[contrail xtreemfs]

A distributed and replicated file system for the Cloud

Cloud issues addressed

Cloud computing is distributed computing. This requires seamless integration and availability of data in many  (physical) places. For users the seamless and fast access part is important. For data providers, protection of data and providing the right levels of access counts. For infrastructure administrators, manageability of data and infrastructure is important. But overall it is reliability that counts: despite the distributed nature of the storage and the sometimes unreliable Cloud and networking infrastructure, the data has to be there when the user's application needs it. And it has to stay available when the application is active, even if some networking nodes or file servers crash.

Contrail's Solution

Cloud data storage capacity seems endless. Numerous virtual resources offer distributed and redundant pay for what you use capacity at a bargain. Reliable, elastic and always accessible. But where is your data? Somewhere invisible in the Cloud or on a private Cloud of your competitor? How reliable is your provider and how secure is your data?
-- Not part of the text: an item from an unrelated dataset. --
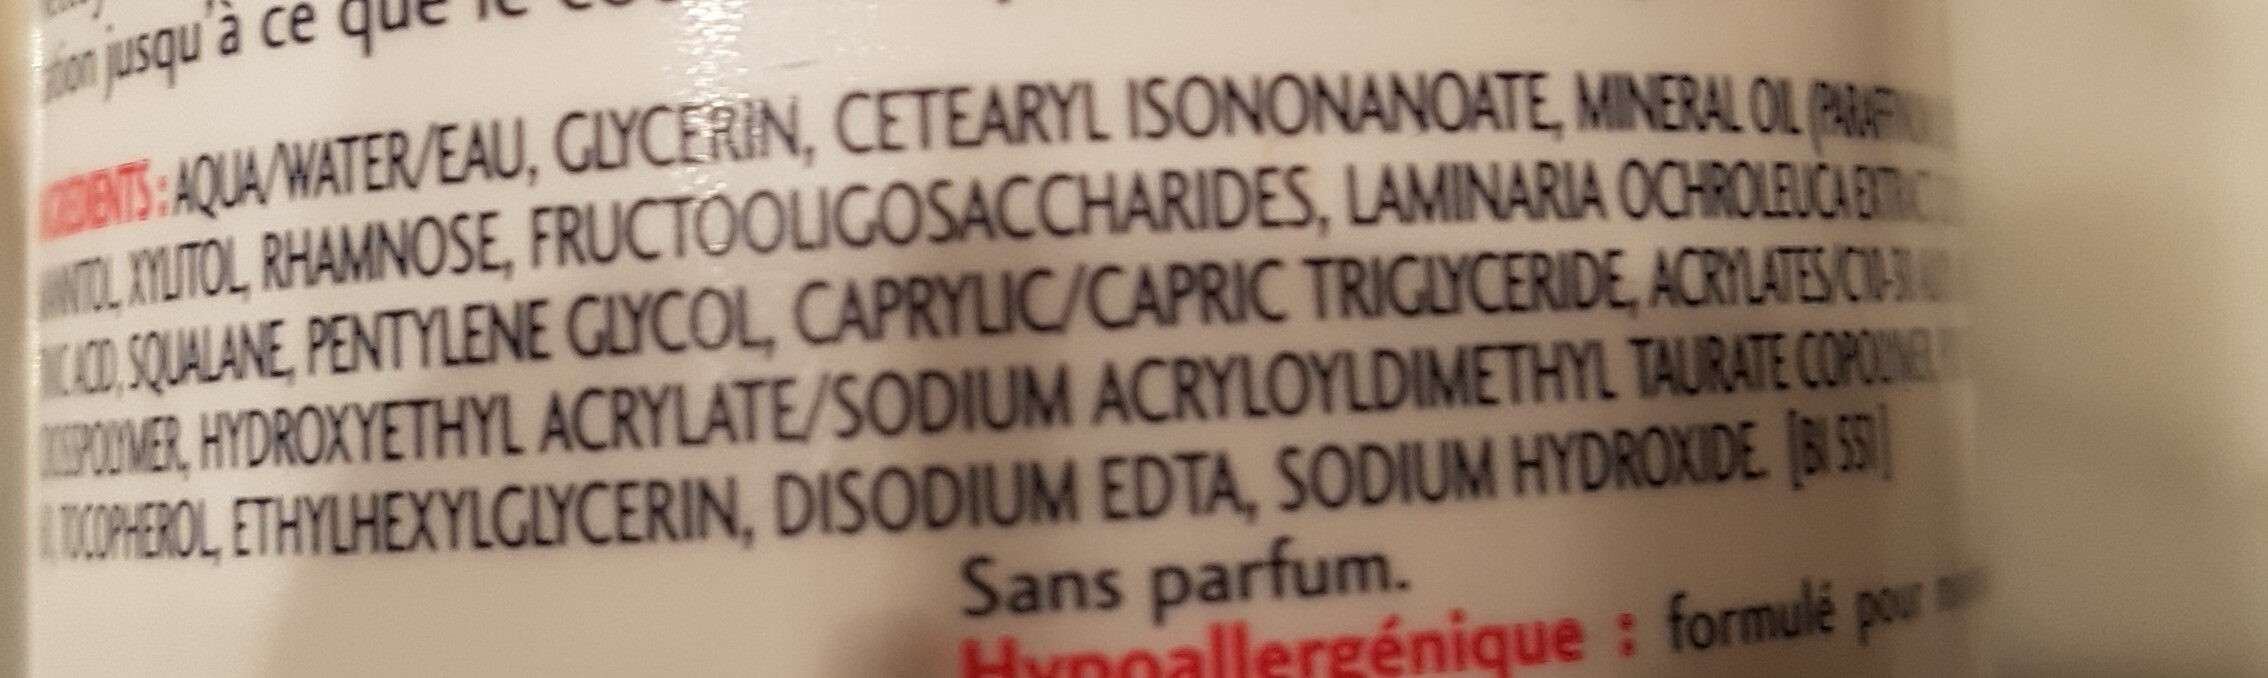 Créaline lait - Ingredients - fr

Best would be to set up your own distributed storage, using XtreemFS. It is a distributed and replicated file system for the Cloud and offers significant leverage compared to other solutions. First: XtreemFS is POSIX compliant. From a user's point of view, it looks and behaves like a local file system. Any application can therefore access XtreemFS without having to be adapted to a specific Cloud storage systems and APIs. This can considerably reduce development and maintenance costs of applications for the Cloud. You are by no means limited to POSIX, since XtreemFS also provides alternative Cloud storage interfaces.

Second: XtreemFS offers high availability and data safety through replication. Unlike most other Cloud storage systems, it offers strong replica consistency and provides different replication mechanisms. Read-only replication can e.g. be used to prevent I/O bottlenecks in Content Distribution Network (CDN)-like scenarios, in which large chunks of data (e.g., virtual machine images) are accessed by many users at the same time. Alternatively, read-write replication can be used to ensure that any written data is safely stored in the face of storage device failures.

Third: Locality of data. You can tell XtreemFS for every file, which resource providers can be used, depending on your business needs.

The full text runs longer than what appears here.